Output the data below exactly as it is, dropping the pictures from your copy.

Records to use below:

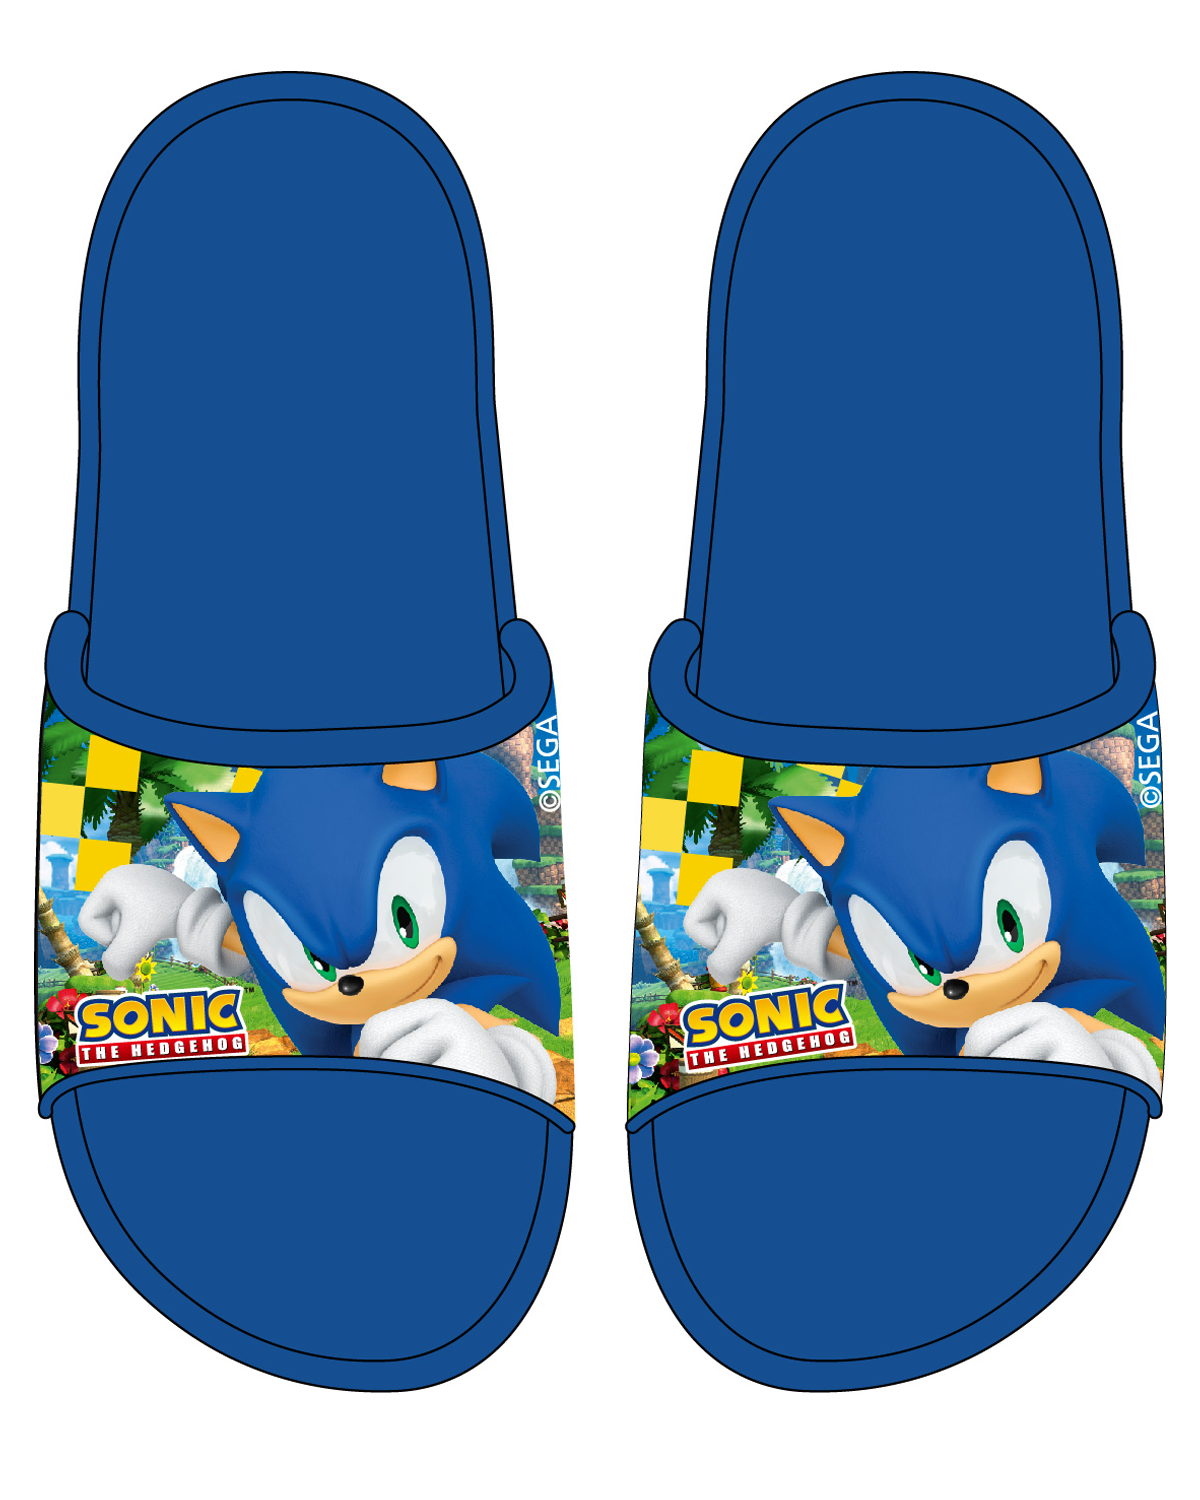 Ježek SONIC - licence Chlapecké pantofle - Ježek Sonic 5251041, modrá Barva: Modrá, Velikost: 33-34
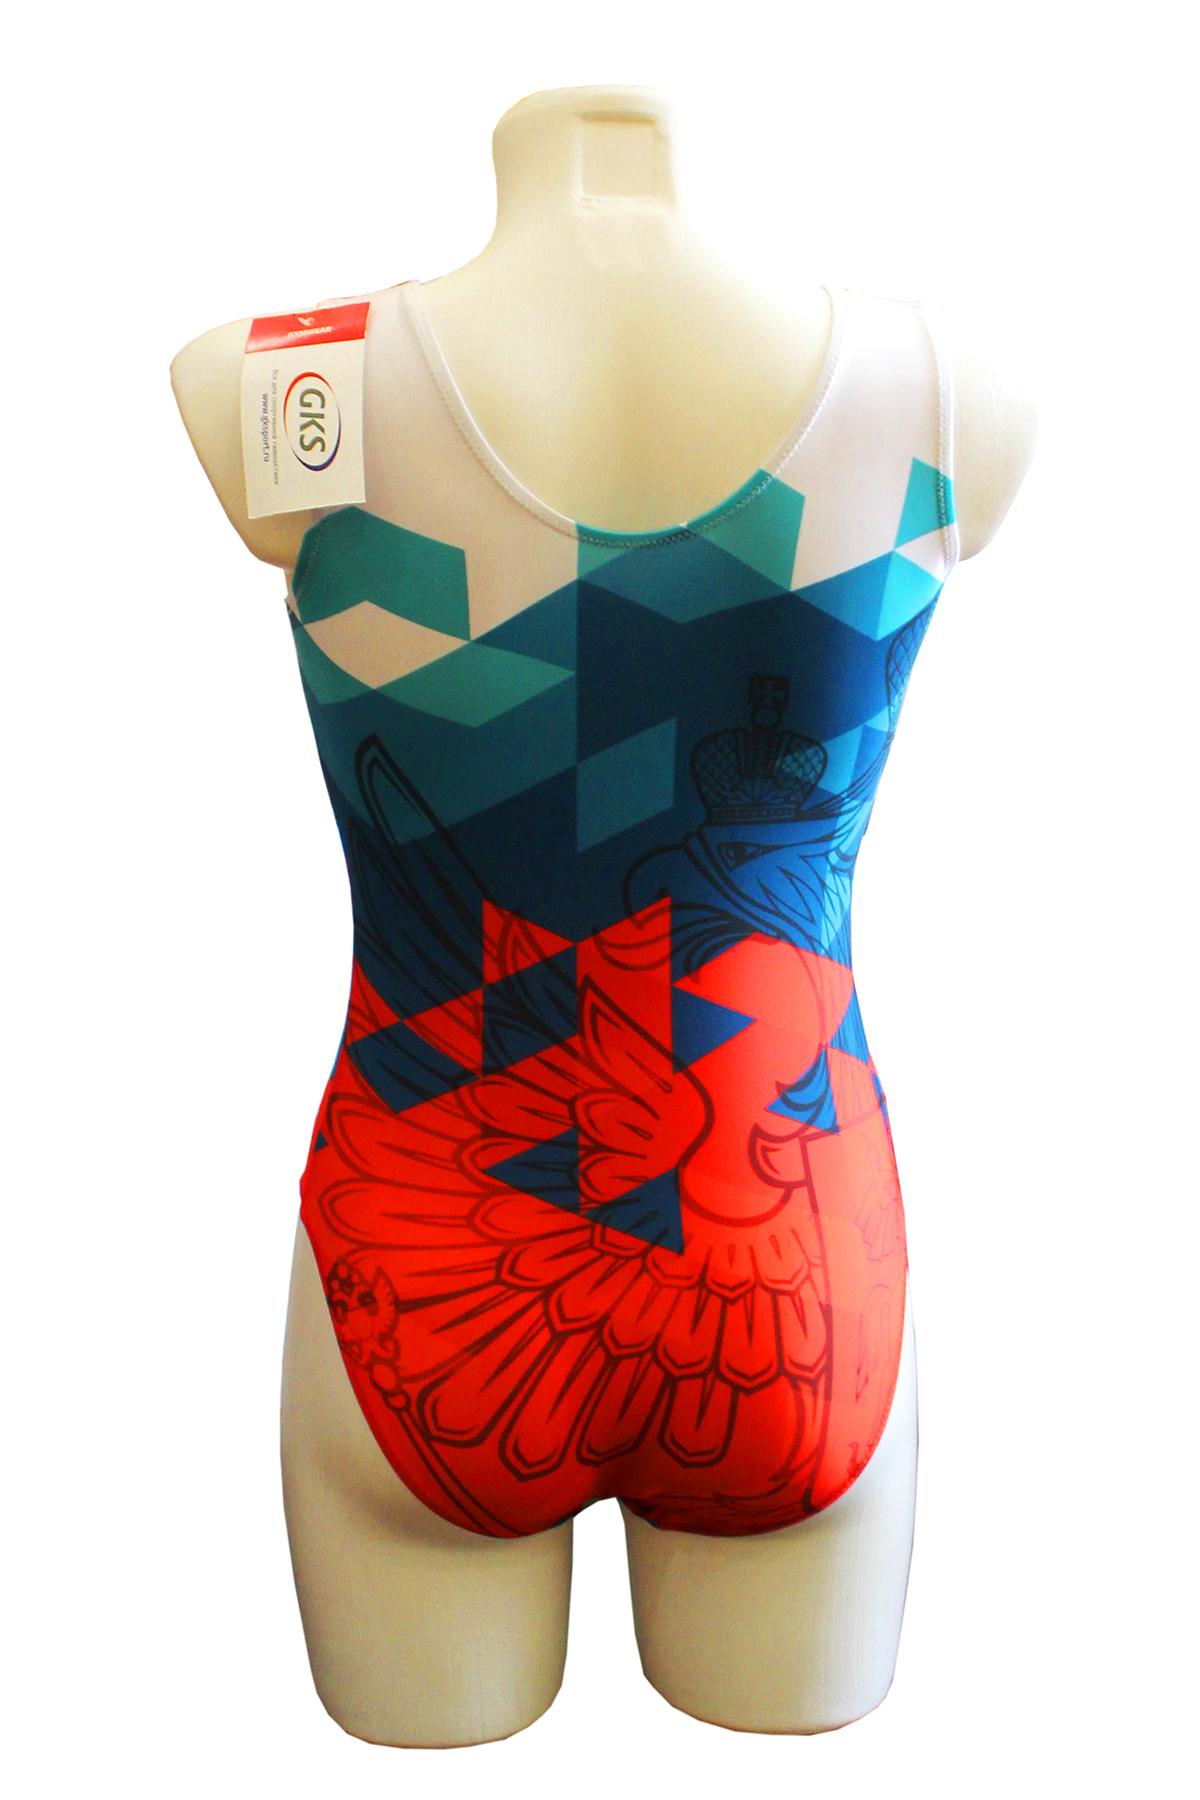 Купальник женский для спортивной гимнастики GK Sport 202-21 оранжево-сине-белый без рукава
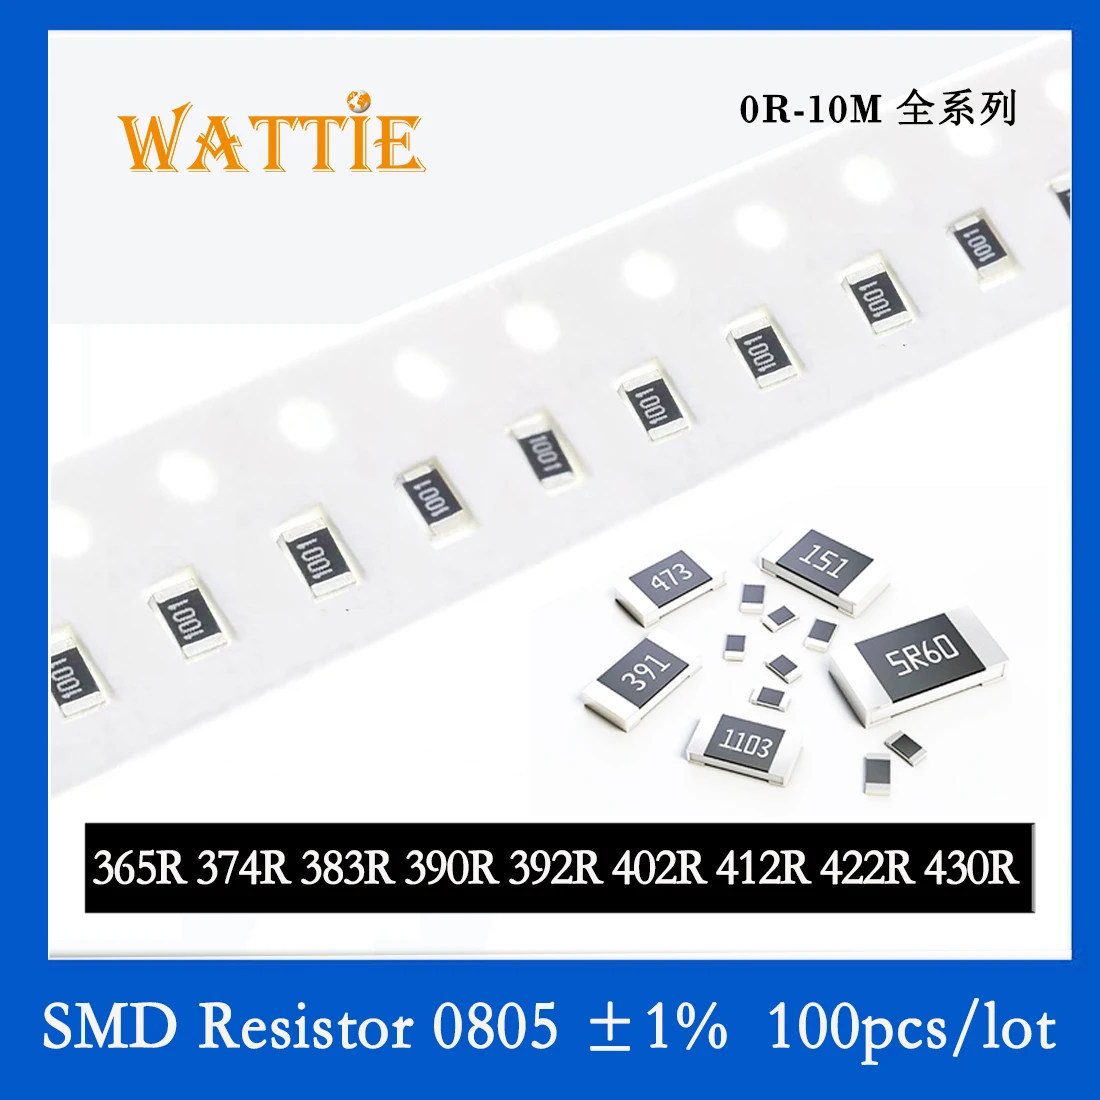 SMD резистор 0805 1% 365R 374R 383R 390R 392R 402R 412R 422R 430R 100 шт./лот микросхемные резисторы 1/8 Вт 2.0 мм * 1.2 мм
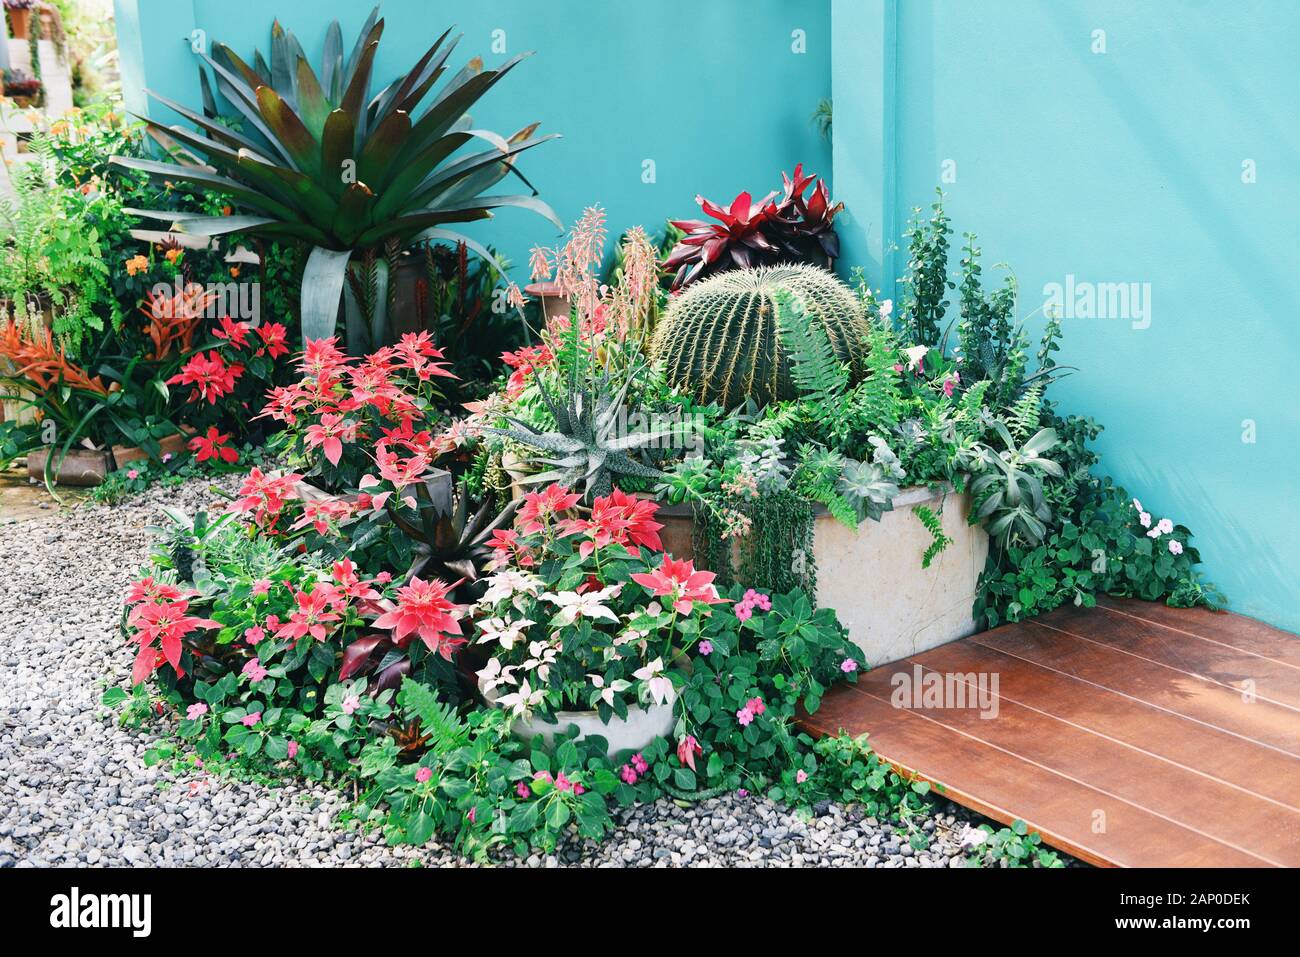 Home Gartenbau und dekorieren Indoor microgreen Gewächshaus Umgebungen geheime Gärten und moderne Gartenarbeit Setups/Blumen und Zierpflanzen gar Stockfoto
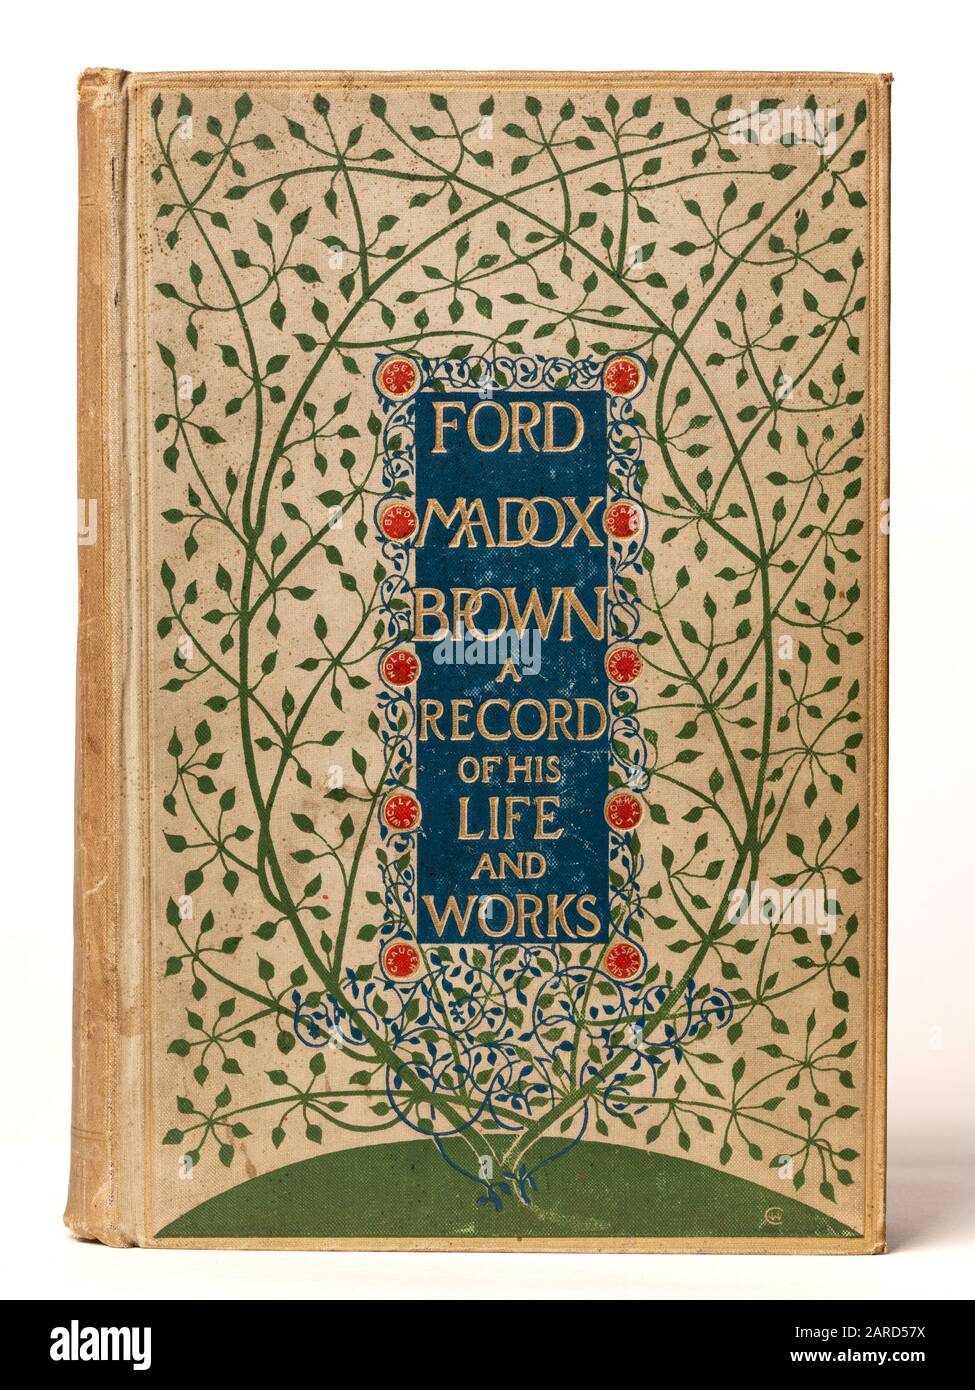 Frontcover einer Biographie des Pre-Raphaelite-Malers Ford Madox Brown von Ford Madox Hueffer Stockfoto

End of Records to use.

- _Output for this exercise_:
 Ježek SONIC - licence Chlapecké pantofle - Ježek Sonic 5251041, modrá Barva: Modrá, Velikost: 33-34
 Купальник женский для спортивной гимнастики GK Sport 202-21 оранжево-сине-белый без рукава
 SMD резистор 0805 1% 365R 374R 383R 390R 392R 402R 412R 422R 430R 100 шт./лот микросхемные резисторы 1/8 Вт 2.0 мм * 1.2 мм
 Home Gartenbau und dekorieren Indoor microgreen Gewächshaus Umgebungen geheime Gärten und moderne Gartenarbeit Setups/Blumen und Zierpflanzen gar Stockfoto
 Frontcover einer Biographie des Pre-Raphaelite-Malers Ford Madox Brown von Ford Madox Hueffer Stockfoto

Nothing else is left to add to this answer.